И опять поймал на себе взгляд княгини. Изумлённо подумал: «Что ж она уставилась? Даже неприлично, пожалуй. Могут ведь заметить и порочно истолковать... Хватит приключений на мою голову. Я хлебнул дворцовых каверз сполна. Ни во что не вмешиваюсь отныне, лишь работаю по заказам митрополита. Надо хоть на старости лет потрудиться спокойно».
А Елена Ольгердовна, глядя на него, рассуждала: «Совершенно не изменился. Только поседел ещё больше. И на вид не дашь больше сорока с чем-нибудь. Вот счастливец: все невзгоды — точно с гуся вода. Не похож на вдовца. Говорили, что с ним приплыла некая монашка, вроде его домоправительница. Может быть, у них преступная связь? Но тогда Феофан не достоин расписывать храмы... Если Киприан ему доверяет, значит — ничего противузаконного… Ах, да мне-то что? Пусть себе живёт, как ему охота. Надо перестать смотреть и думать о нём». И не могла.
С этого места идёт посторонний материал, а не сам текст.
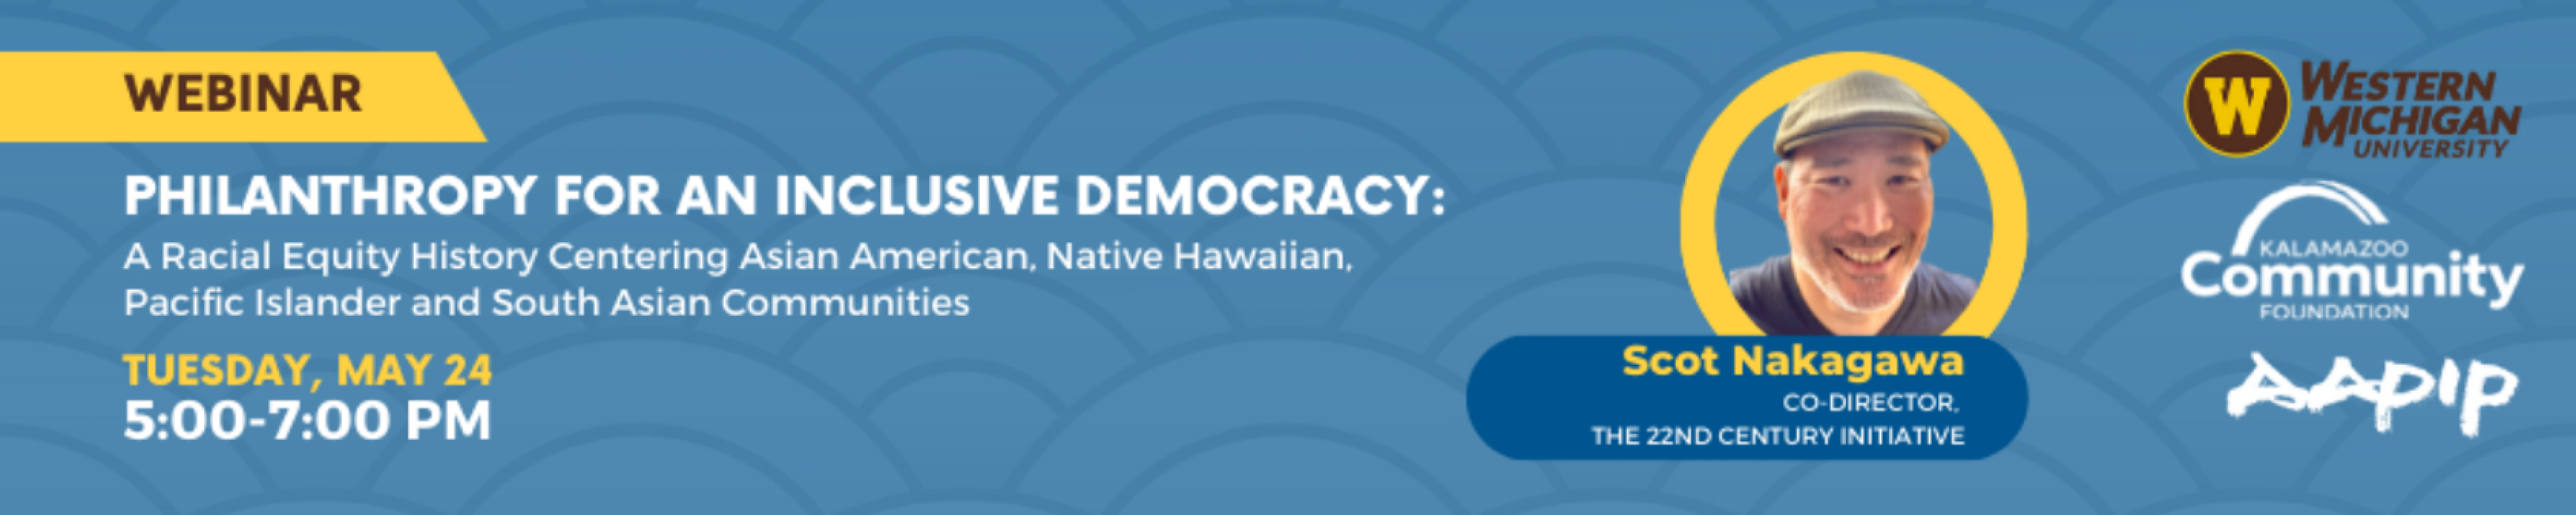 Philanthropy for an Inclusive Democracy: A Racial Equity History webinar

Приблизительно неделю спустя встретила в Кремле Симеона Чёрного, шедшего из Чудова монастыря с озабоченным видом, и велела челяди, чтоб его позвали. Богомаз подошёл, низко поклонился и спросил, чем он может служить княгине.
— Верно, что теперь ты являешься сродственником Греку?
— Верно, матушка, верно. Породнился через младшего братца.
— С Феофаном видишься?
— Как не видеться, ежели вдвоём нам поручено расписать Успенский собор в Коломне! Вот ходил в Чудов монастырь поглядеть на ихнее «Умиление», ибо сделать хотим несколько иначе, проникновеннее, а по-фряжски говоря, «колоритнее»...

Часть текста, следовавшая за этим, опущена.